Starting at the line that contains "105 Les Springs Drive Sedona, AZ 86336", return every line through the end of the data exactly, without pictures.

Raw data:
---*---

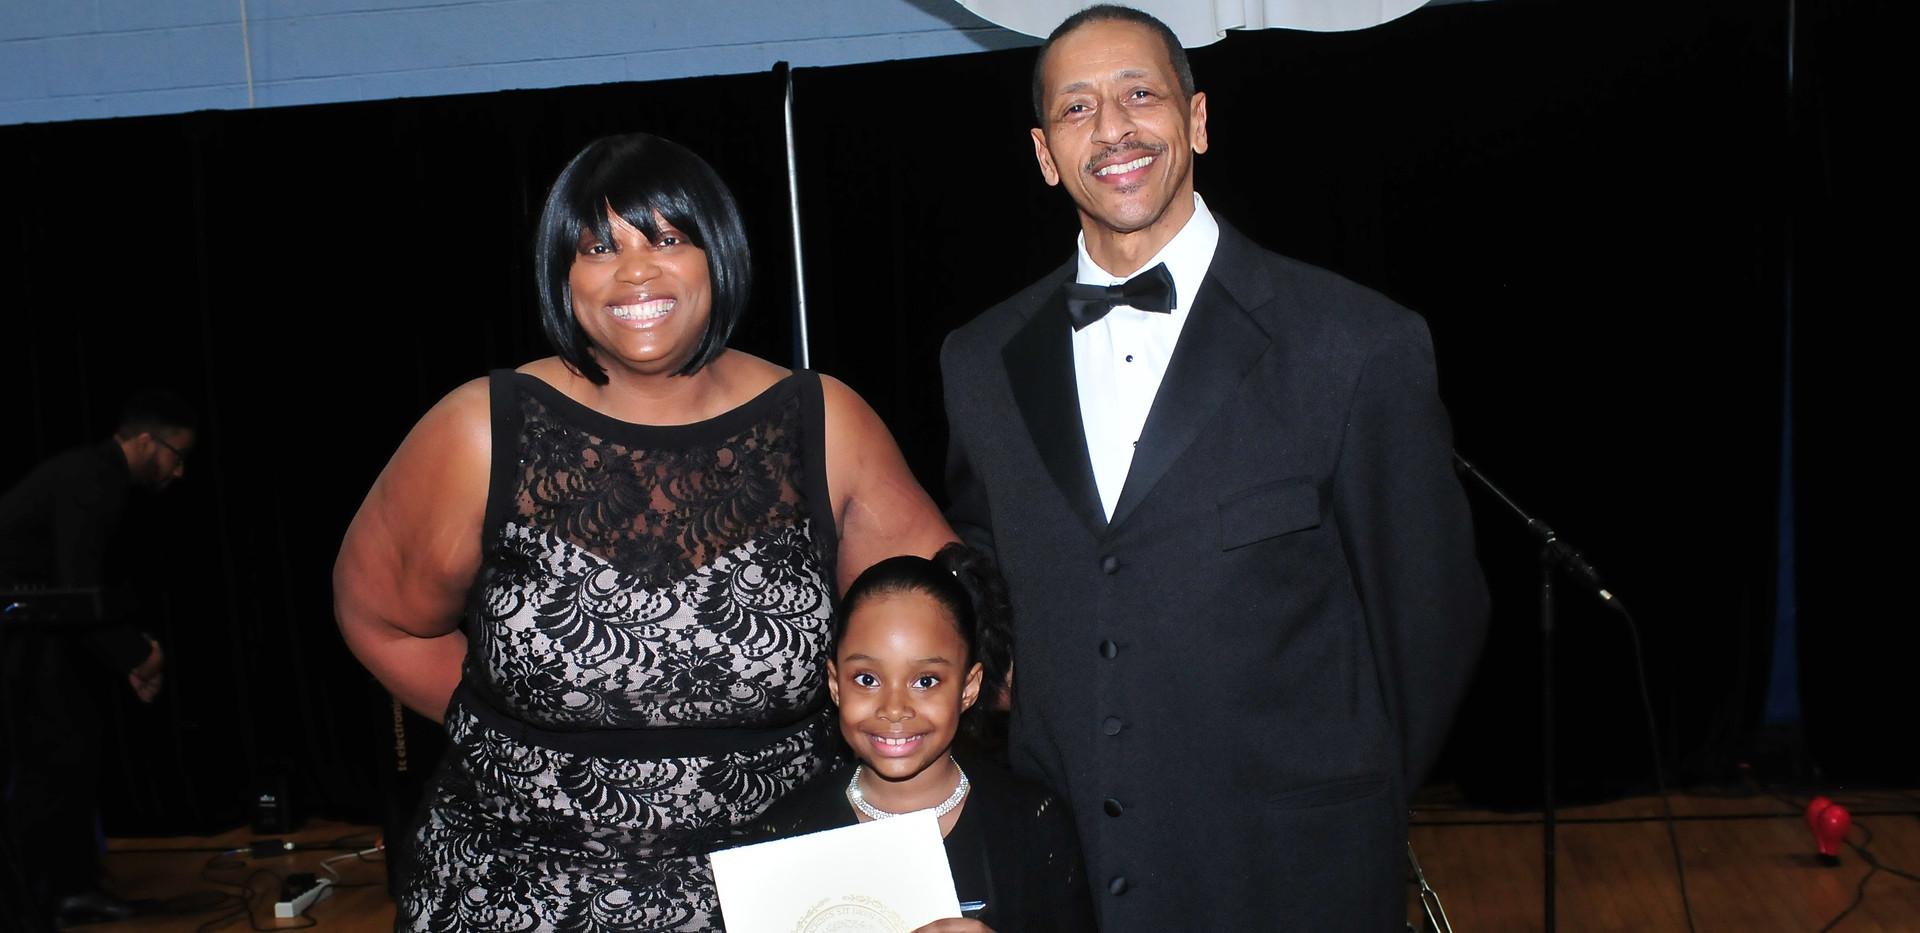 Honoree Stardom R. Brown Blakey
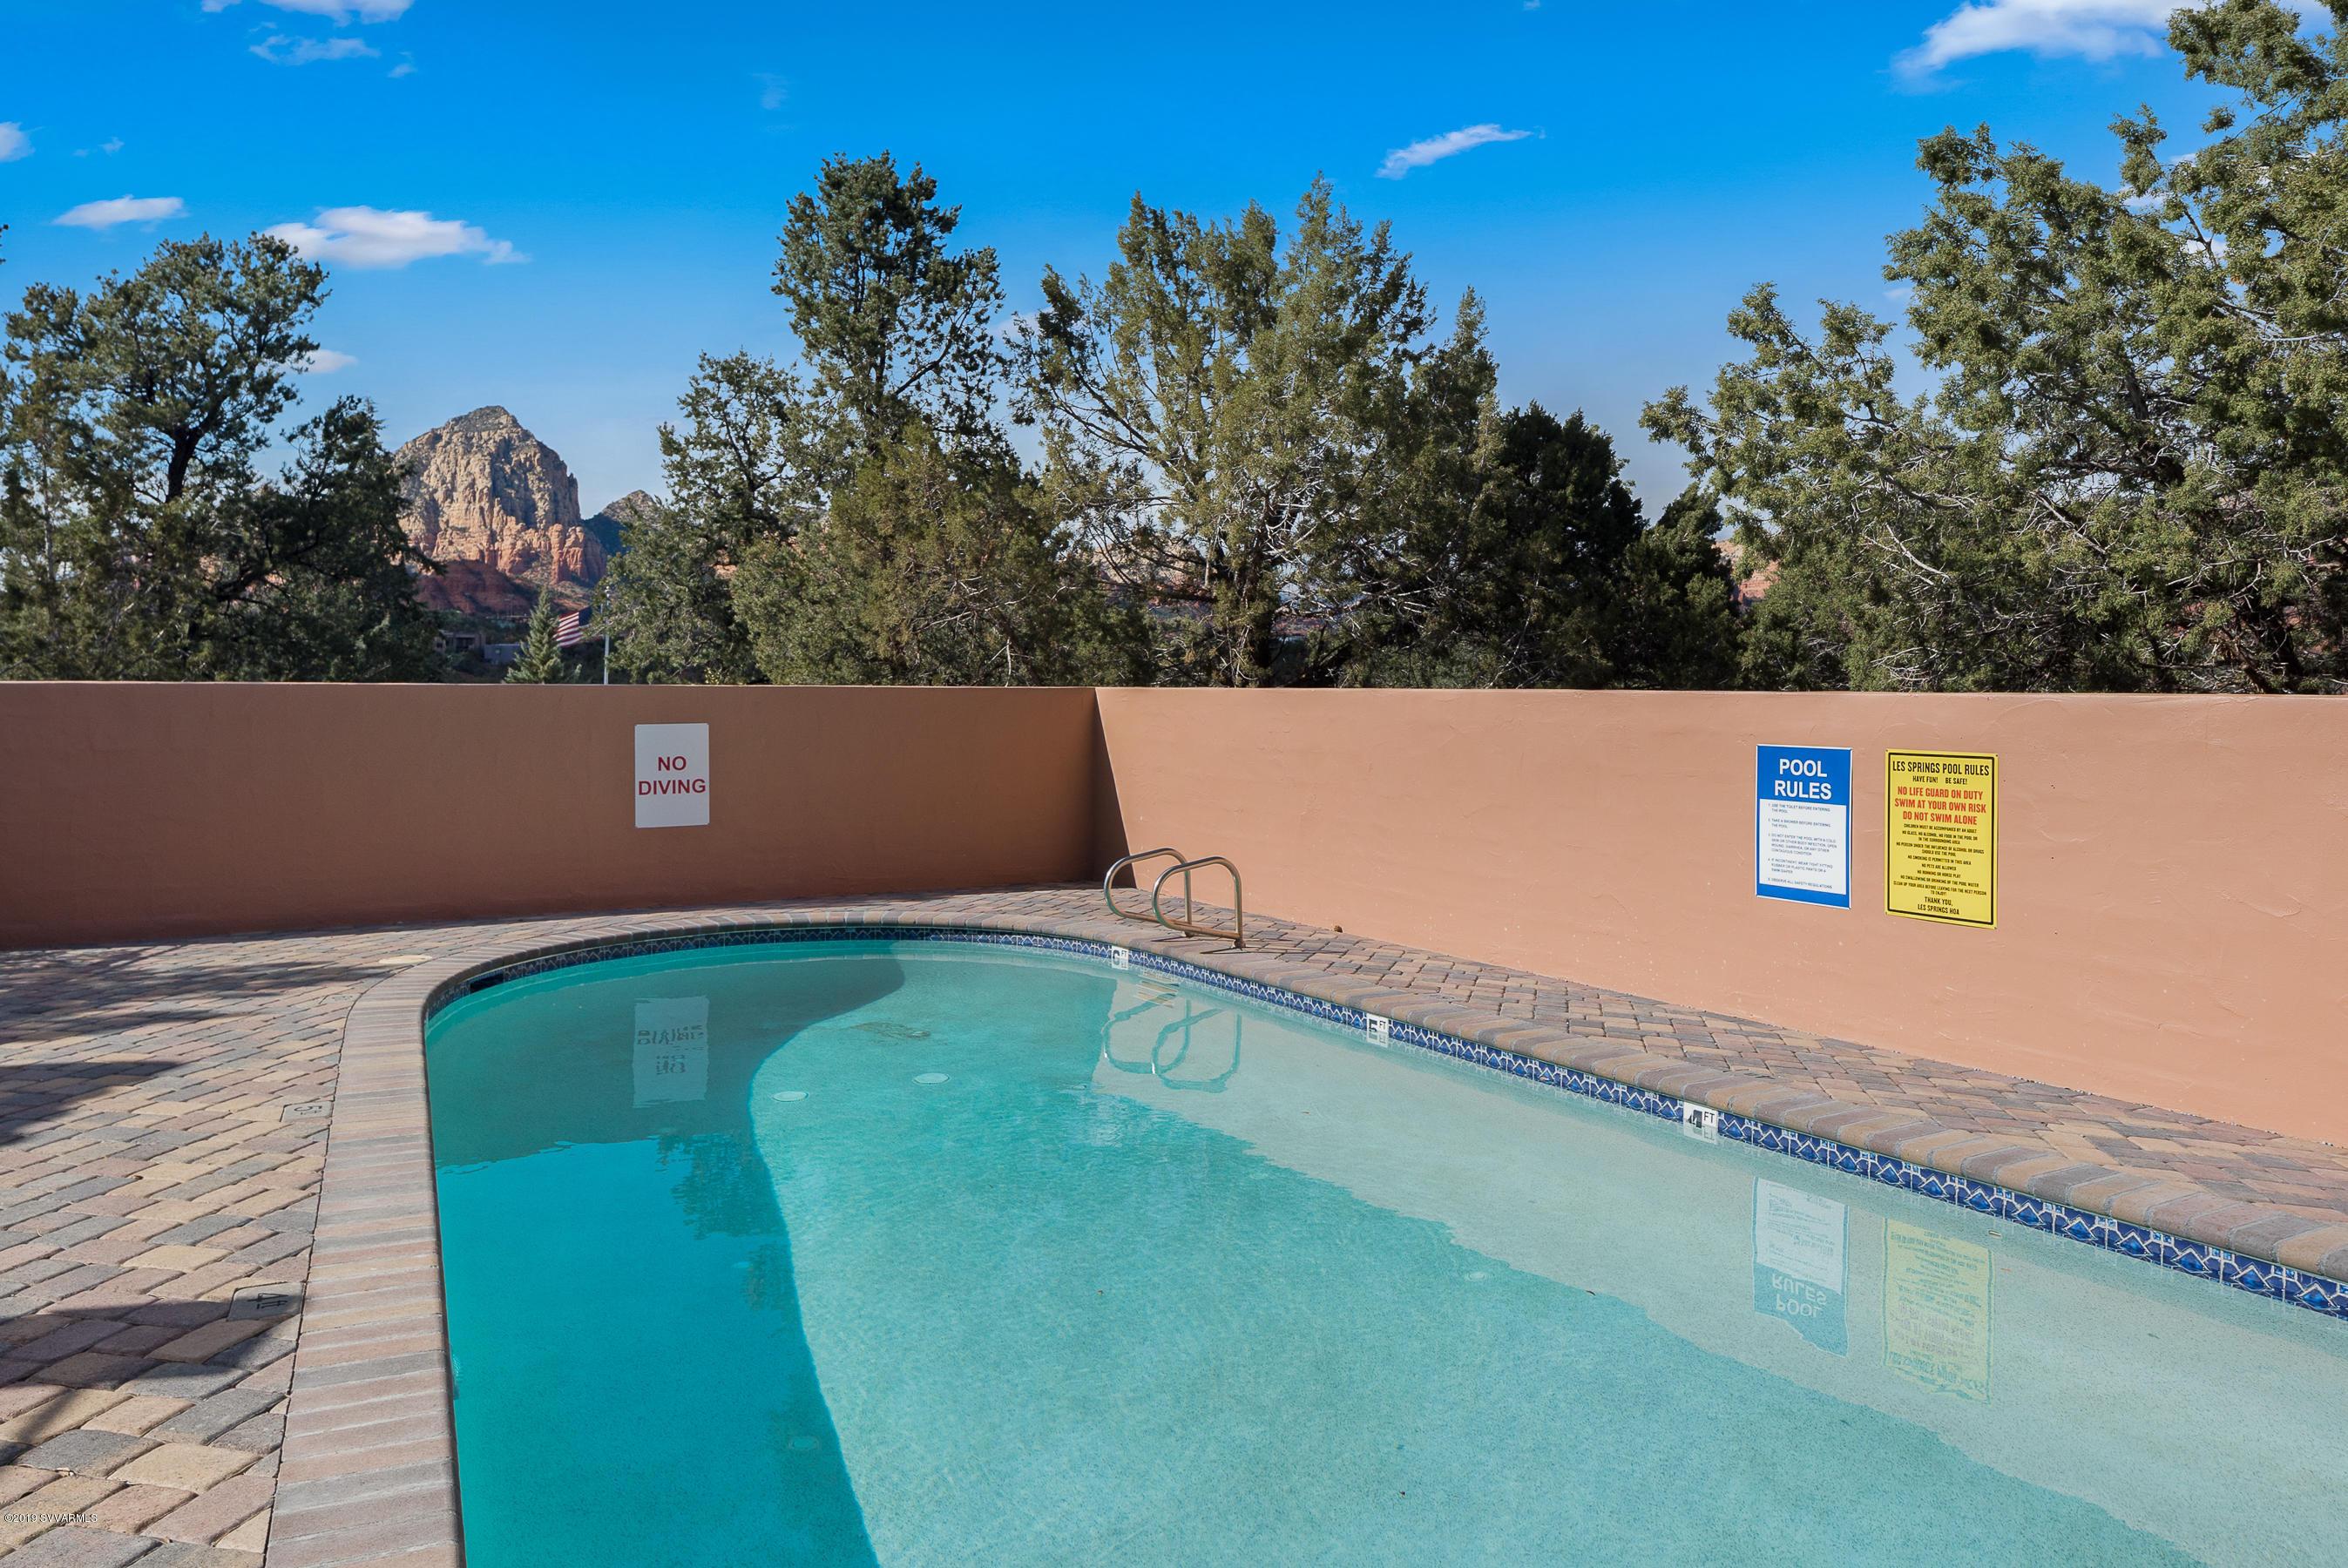 105 Les Springs Drive Sedona, AZ 86336
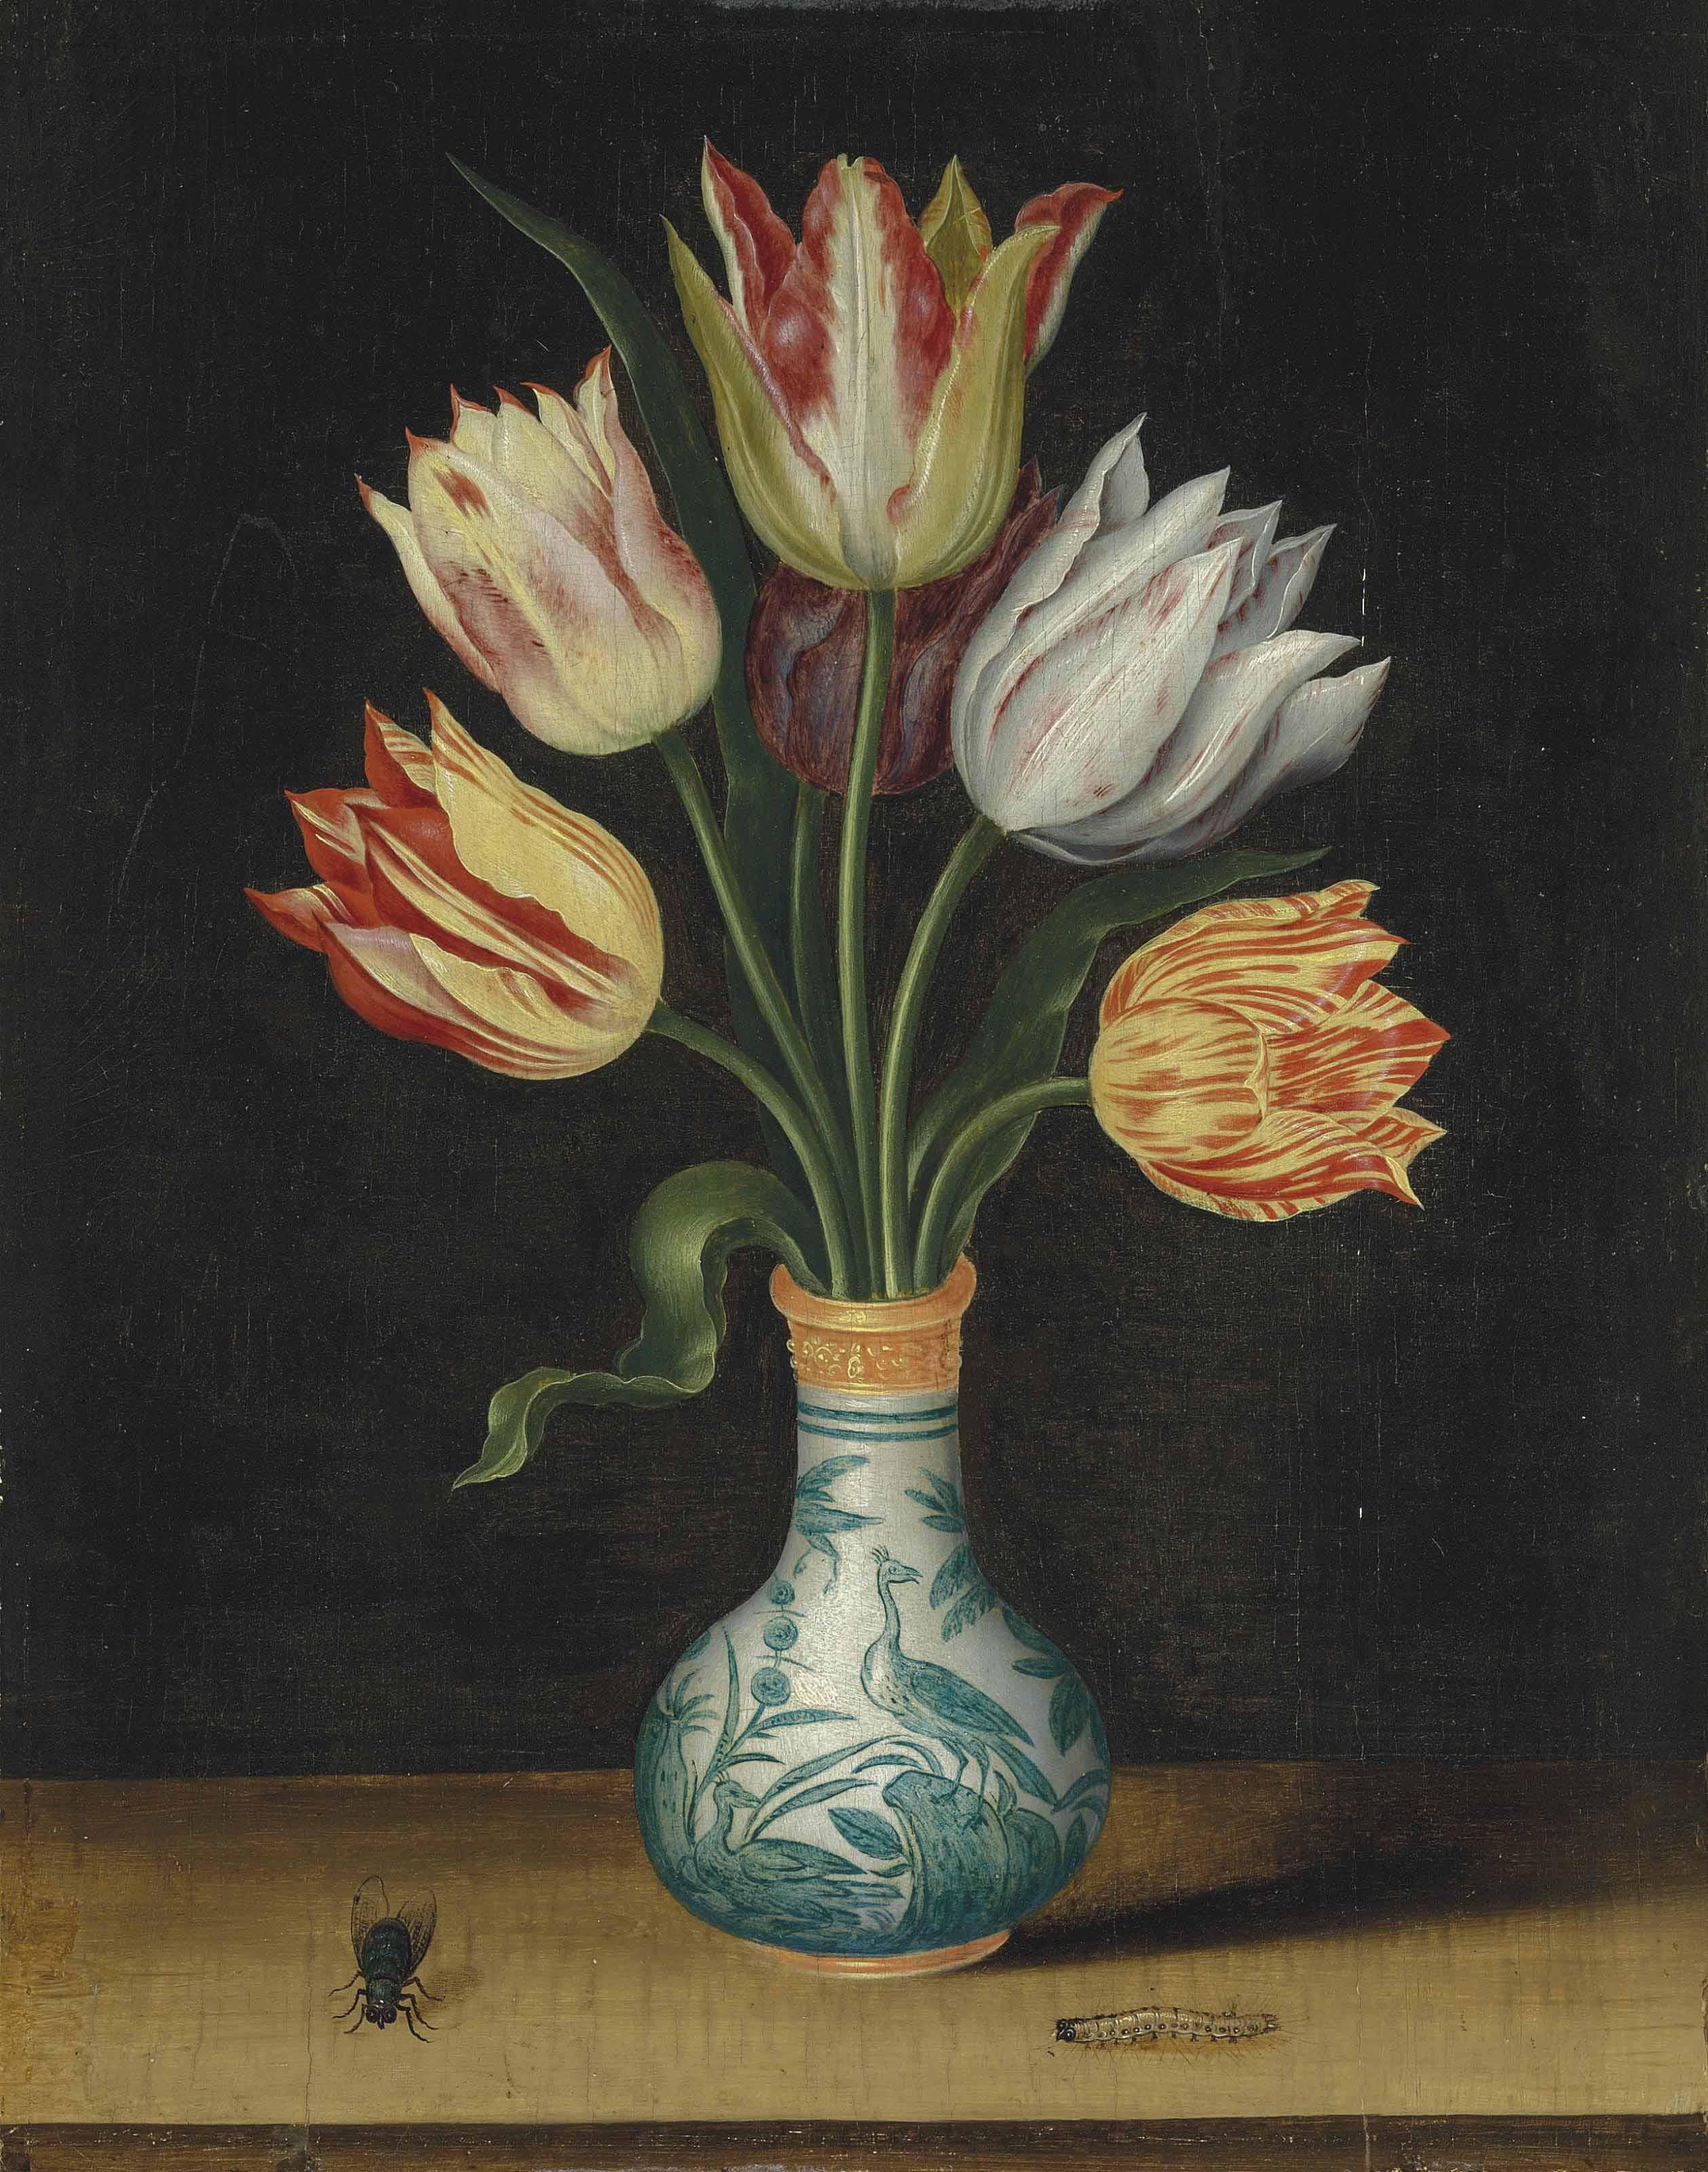 Circle of Ambrosius Bosschaert I (Antwerp 1573-1621 The Hague)

---*---

Task response:
 105 Les Springs Drive Sedona, AZ 86336
 Circle of Ambrosius Bosschaert I (Antwerp 1573-1621 The Hague)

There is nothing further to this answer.